On Mon, Sep 11, 2017 at 09:09:06PM +0200, Harald Welte wrote:
Dear all,
for probably about a year (or longer) we have been putting up with VTY tests which cause builds to break under unclear circumstances. I personally believe the probability of a VTY test failing has recently increased again, and this is barely tolerable anymore. Often, rebasing/cherry-picking the given patch one or two times also doesn't work. Yet, the given patch-under-test is not even touching anything related to VTY, like In https://gerrit.osmocom.org/3899 which has failed in https://jenkins.osmocom.org/jenkins/job/OpenBSC-gerrit/2451/ and https://jenkins.osmocom.org/jenkins/job/OpenBSC-gerrit/2454/
I know Neels and others have spend already significant time in the past trying to resolve this - unsuccessfully.
So I think the situation has reached a point where we should disable the vty tests, or at least the specific part of the vty tests that is known to break most frequently.
I definitely want us to have *more* testing, not less. However, when the test itself is not stable yet - particularly after that much time - we cannot have that buggy test delay our development.
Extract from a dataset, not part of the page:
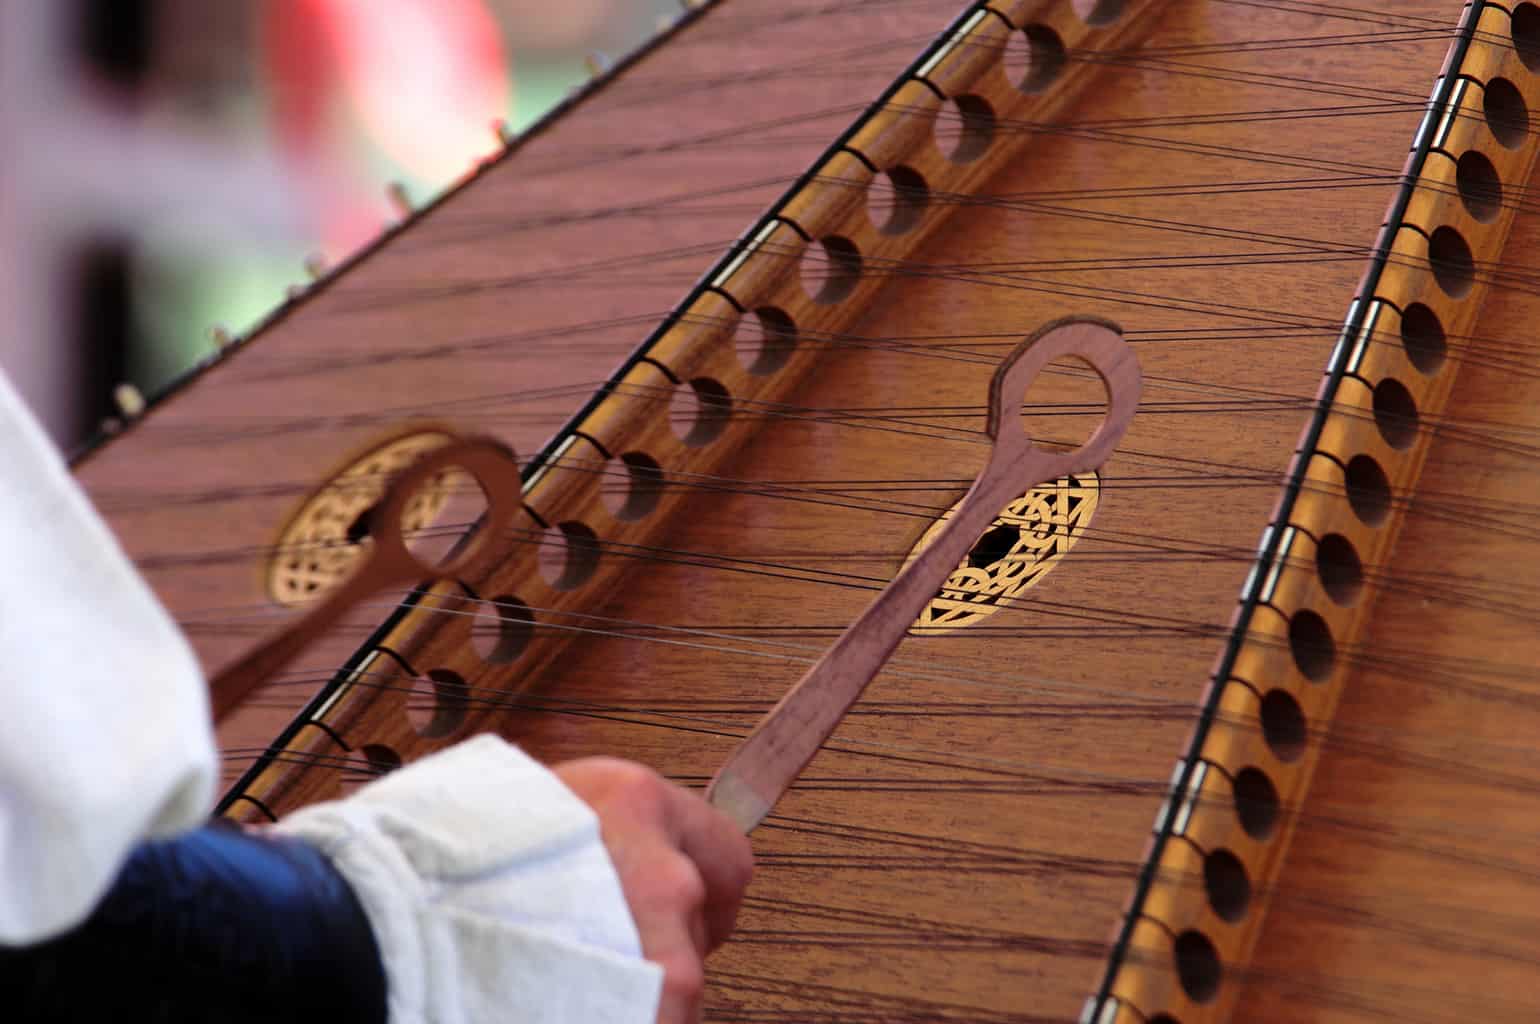 How to Play the Hammered Dulcimer: 5 Simple Steps

If there are no resources / noone with an assignment to actively maintain this, then it's reasonable to disable it, or at least disable the tests that are breaking things now.
I would vote for running those tests regularly (daily, every few hours, you name it), but not as part of the mandatory build verification for gerrit V+1.
I think this is fine, so we get fallout later on that we can address via robots, and make things a bit more agile.
In the Linux kernel, we usually get all these reports from robots afterwards, so I would say it's reasonable to follow the same approach.